■ **RECORDS FOR THE EXERCISE**
□ □ □ □
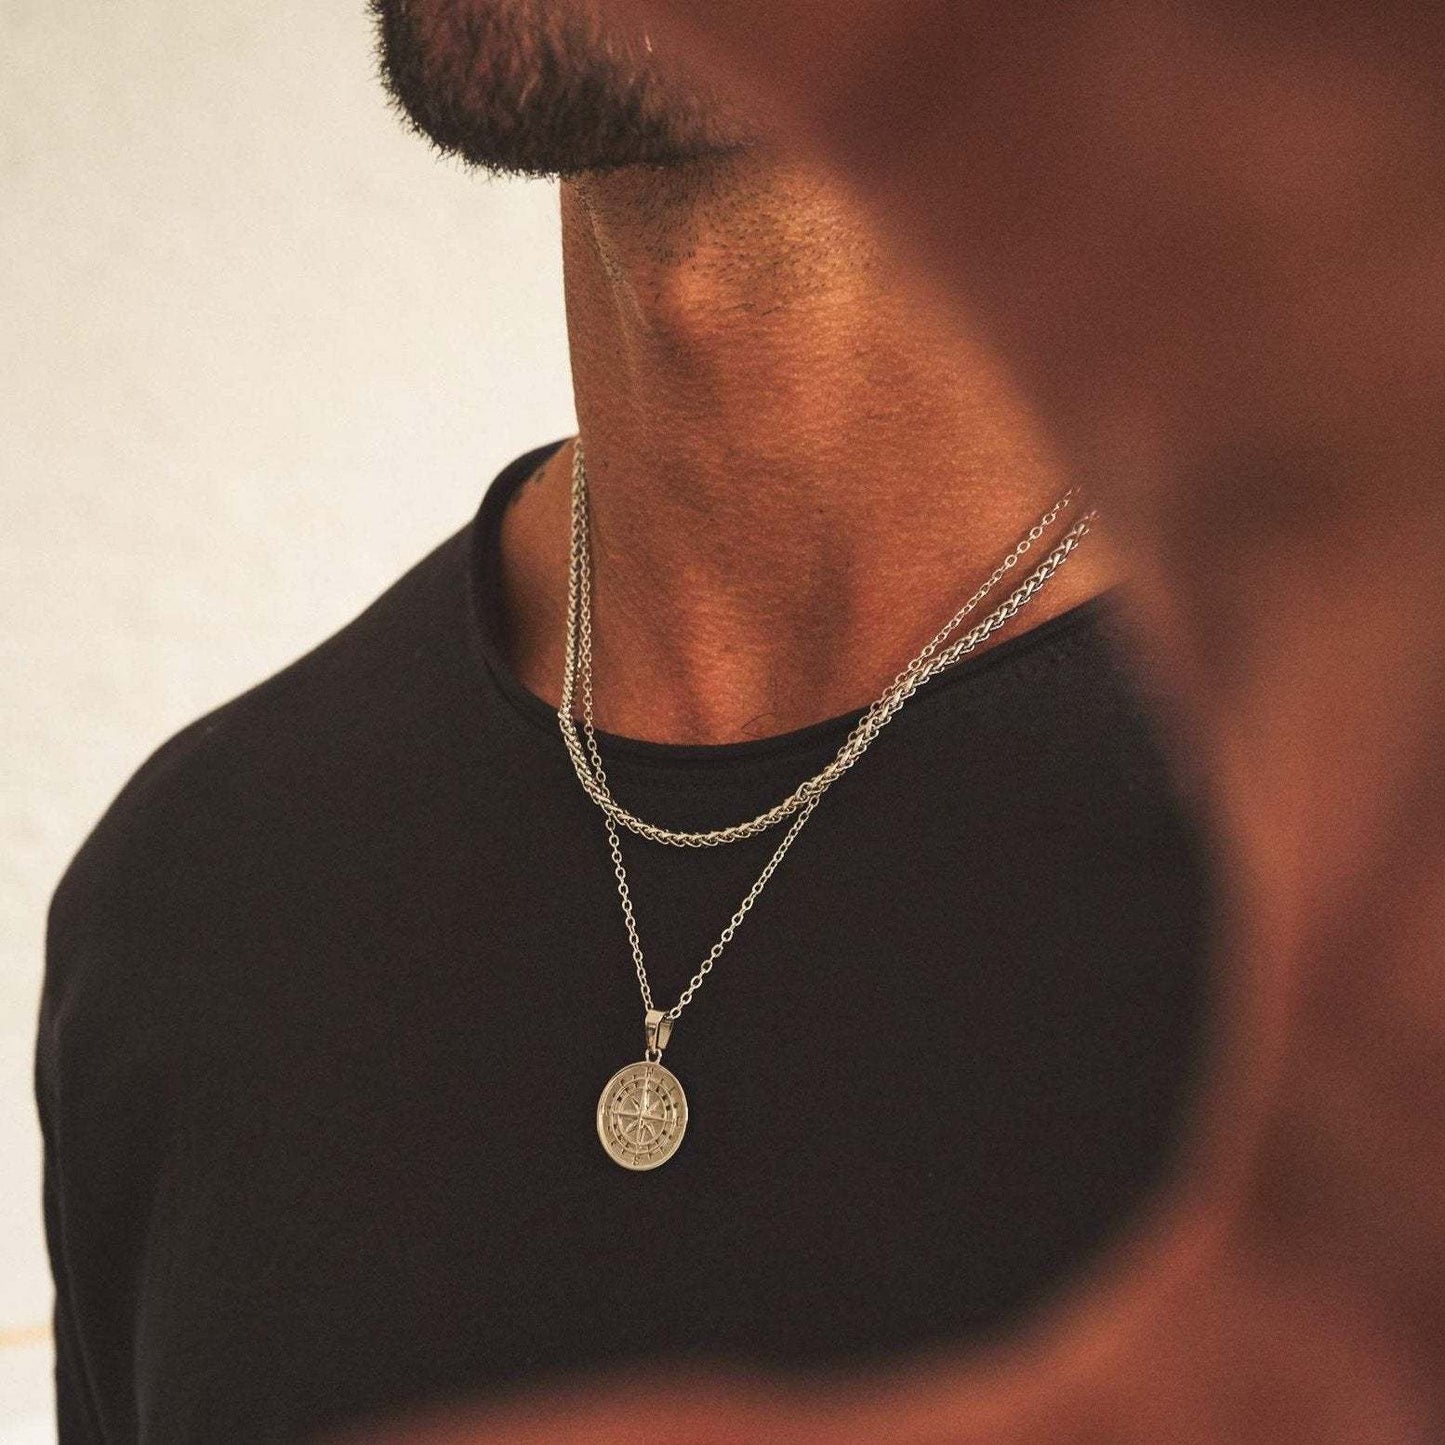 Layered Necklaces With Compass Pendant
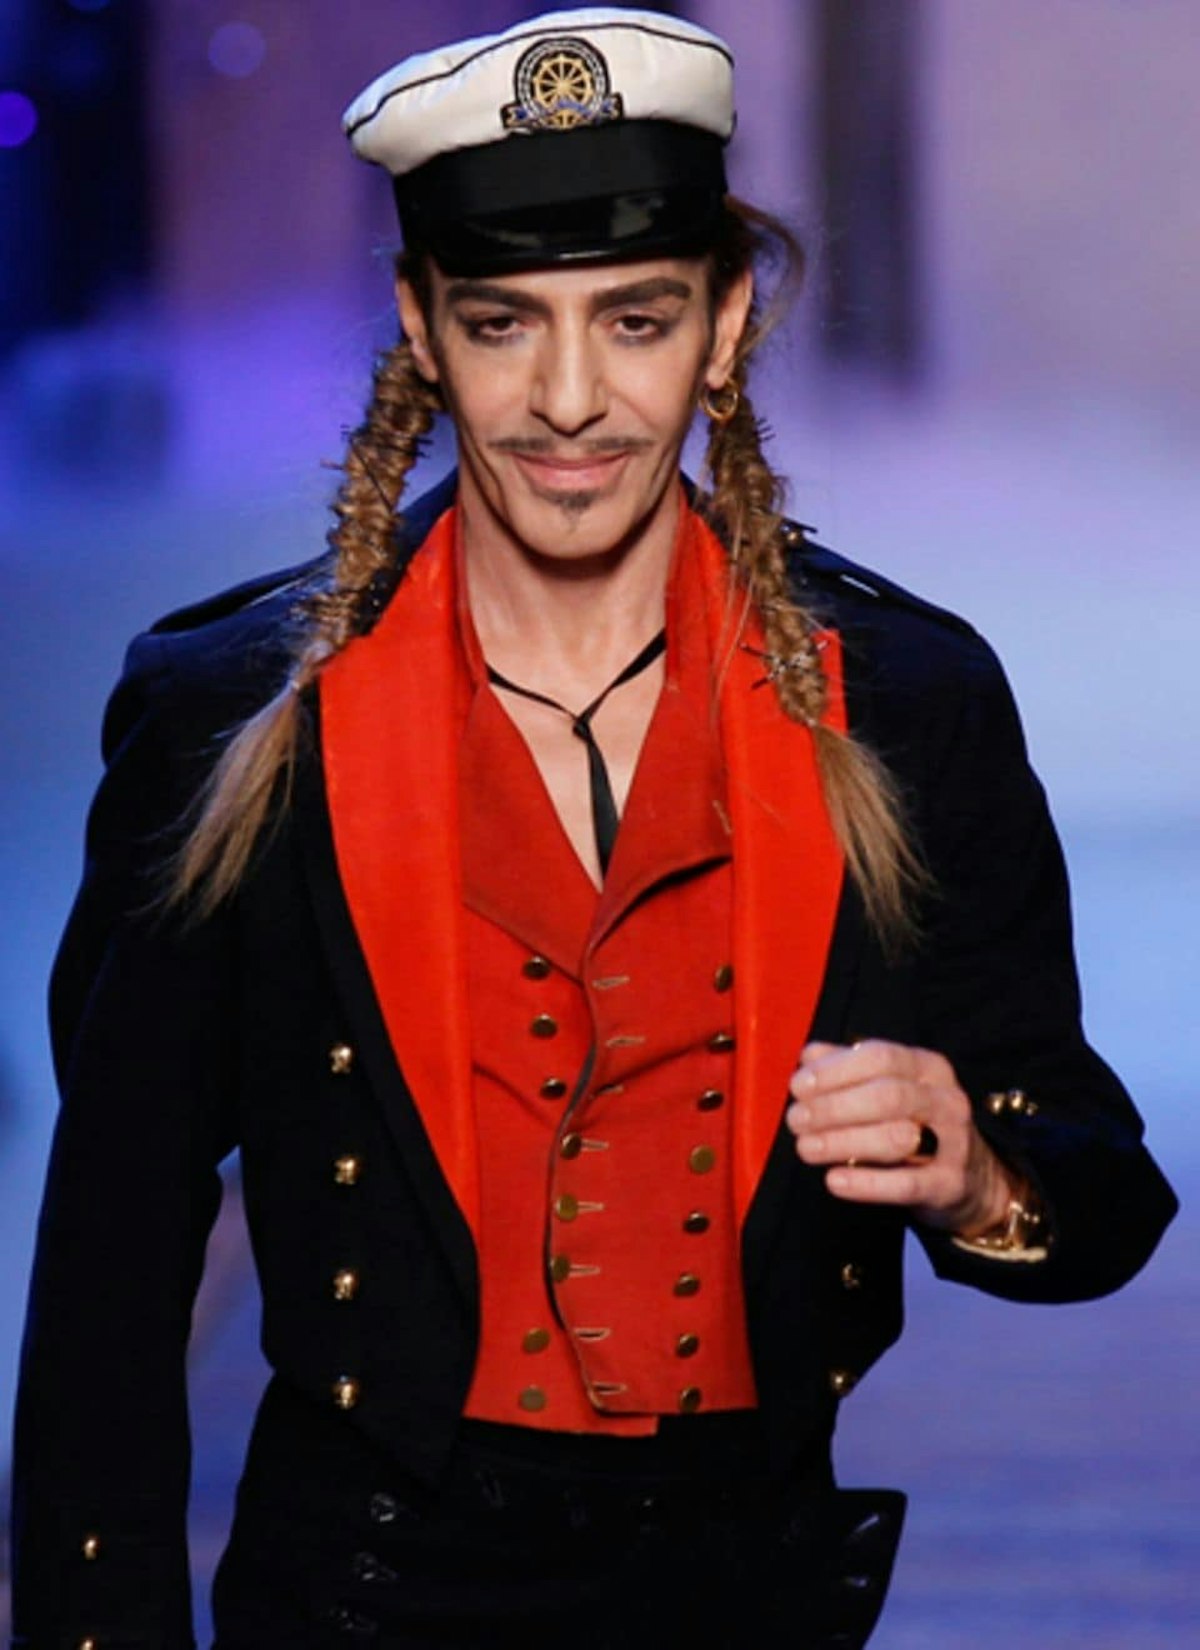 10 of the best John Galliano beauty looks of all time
□ □ □ □
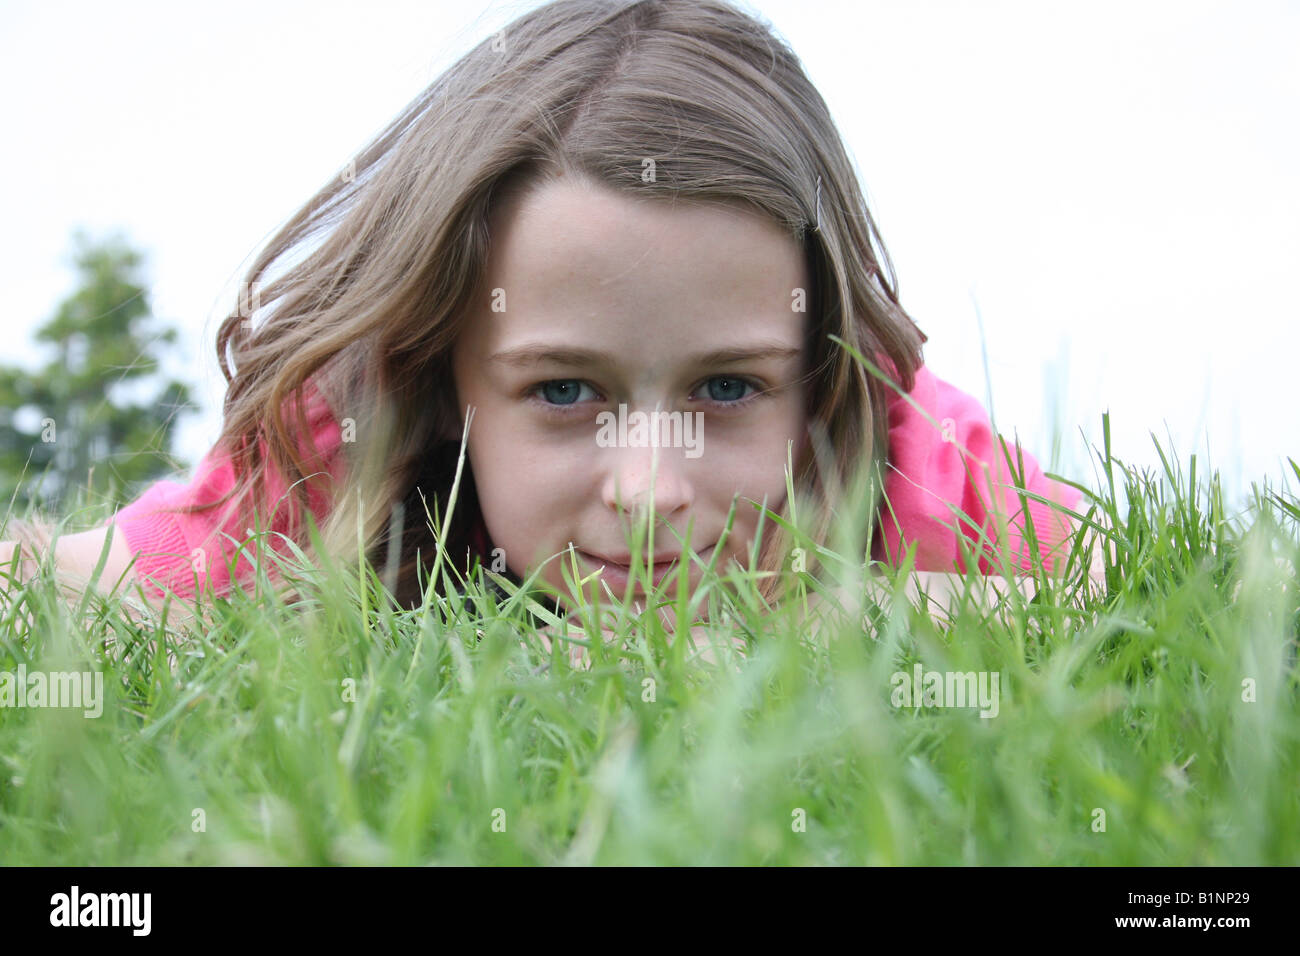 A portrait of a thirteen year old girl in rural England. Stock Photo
□ □ □ □
■ **TRY IT**
Reproduce exactly, with no pictures, the lines above from the one holding "Layered Necklaces With Compass Pendant" to the one holding "10 of the best", inclusive.

■ **THE COMPLETED TASK**
 Layered Necklaces With Compass Pendant
 10 of the best John Galliano beauty looks of all time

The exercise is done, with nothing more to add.